Политических убеждений Олег Петрович взял за правило держаться самых свежих. Всякая идея, появлявшаяся в центральных газетах, мгновенно и верно находила горячий отклик в его душе. Душа его была богата и могла вместить многое.

Последние два года и даже сейчас, влачась вдоль скучного бетонного забора автобазы в непролазной грязи, он оставался убежденным демократом. Строго говоря, демократией он заболел еще в пору невинности — в эпоху кукурузы, спутников, Ван-Клиберна и Робертино Лоретти. При Леониде Ильиче, когда все поняли, что погорячились, демократия Себлицкого завяла и уступила место законной гордости. Но, чудо, споры ее выстояли -при Горбачеве они дали рост, а уж при Ельцине демократия поперла из Олега Петровича как тесто.

Ради справедливости стоит вспомнить, что по части теста Олег Петрович был беспомощен, точно ребенок, и никак н6е смог бы облечь его в определенную форму, как это умеют, скажем, тульские мастера, которые из чего хочешь состряпают не пряник, а загляденье, да еще и с приличной глазурной надписью на злободневную тему.

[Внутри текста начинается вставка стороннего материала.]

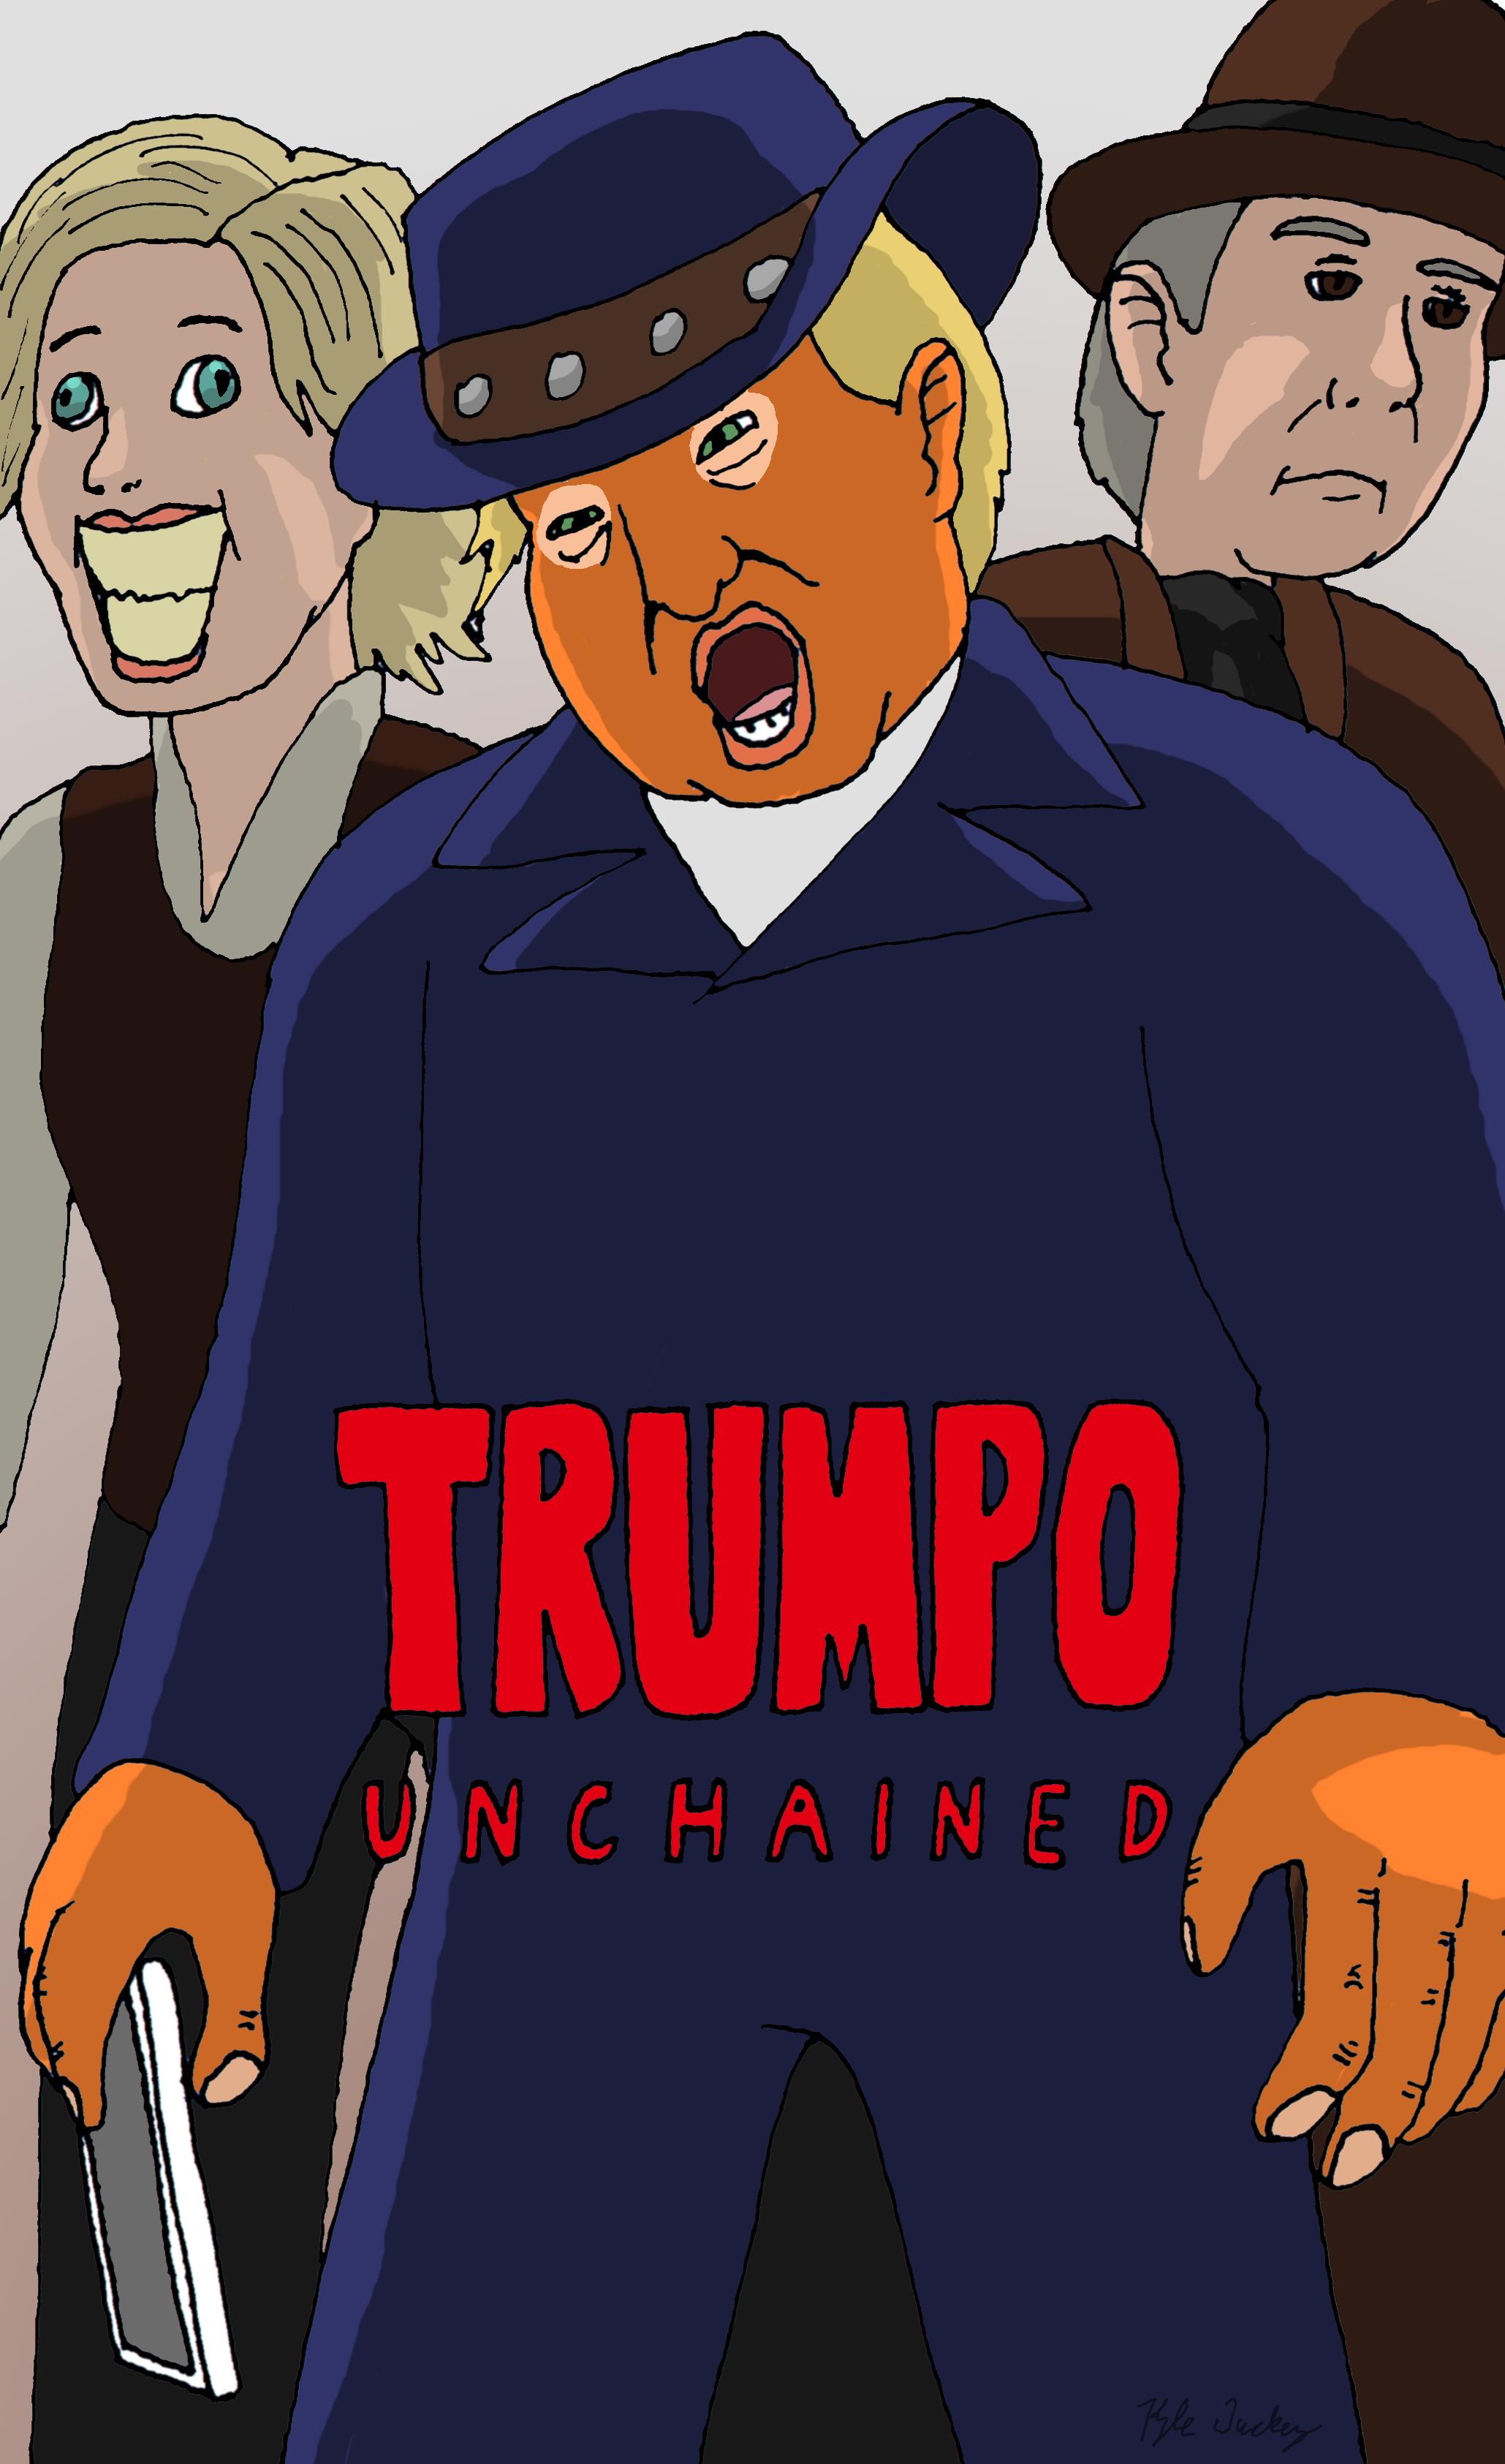 Trumpo Unchained

Олегу Петровичу нравились все —и бескомпромиссный Руцкой и надежный мужик Ельцин, и юморист Травкин, да и Гайдар говорил дельно, и Явлинский щурился заманчиво, как кот, который точно знает, где спрятано сало. Смущало то, что друг друга демократами они называли явно в шутку, от чего выходила путаница почище, чем с французскими живописцами. Оставалось жить надеждой, что все образуется само собой. Бремя отделит зерна от плевел. Олег Петрович привык и любил жить надеждой.

По-настоящему его тревожила совсем иная проблема.

Люди на корточках.

Они были и раньше. Более того, они были всегда, и Олег Петрович просто не обращал на них внимания. Они были скромны и ничтожны. Глаз не улавливал их, как восьмую звезду Большой Медведицы.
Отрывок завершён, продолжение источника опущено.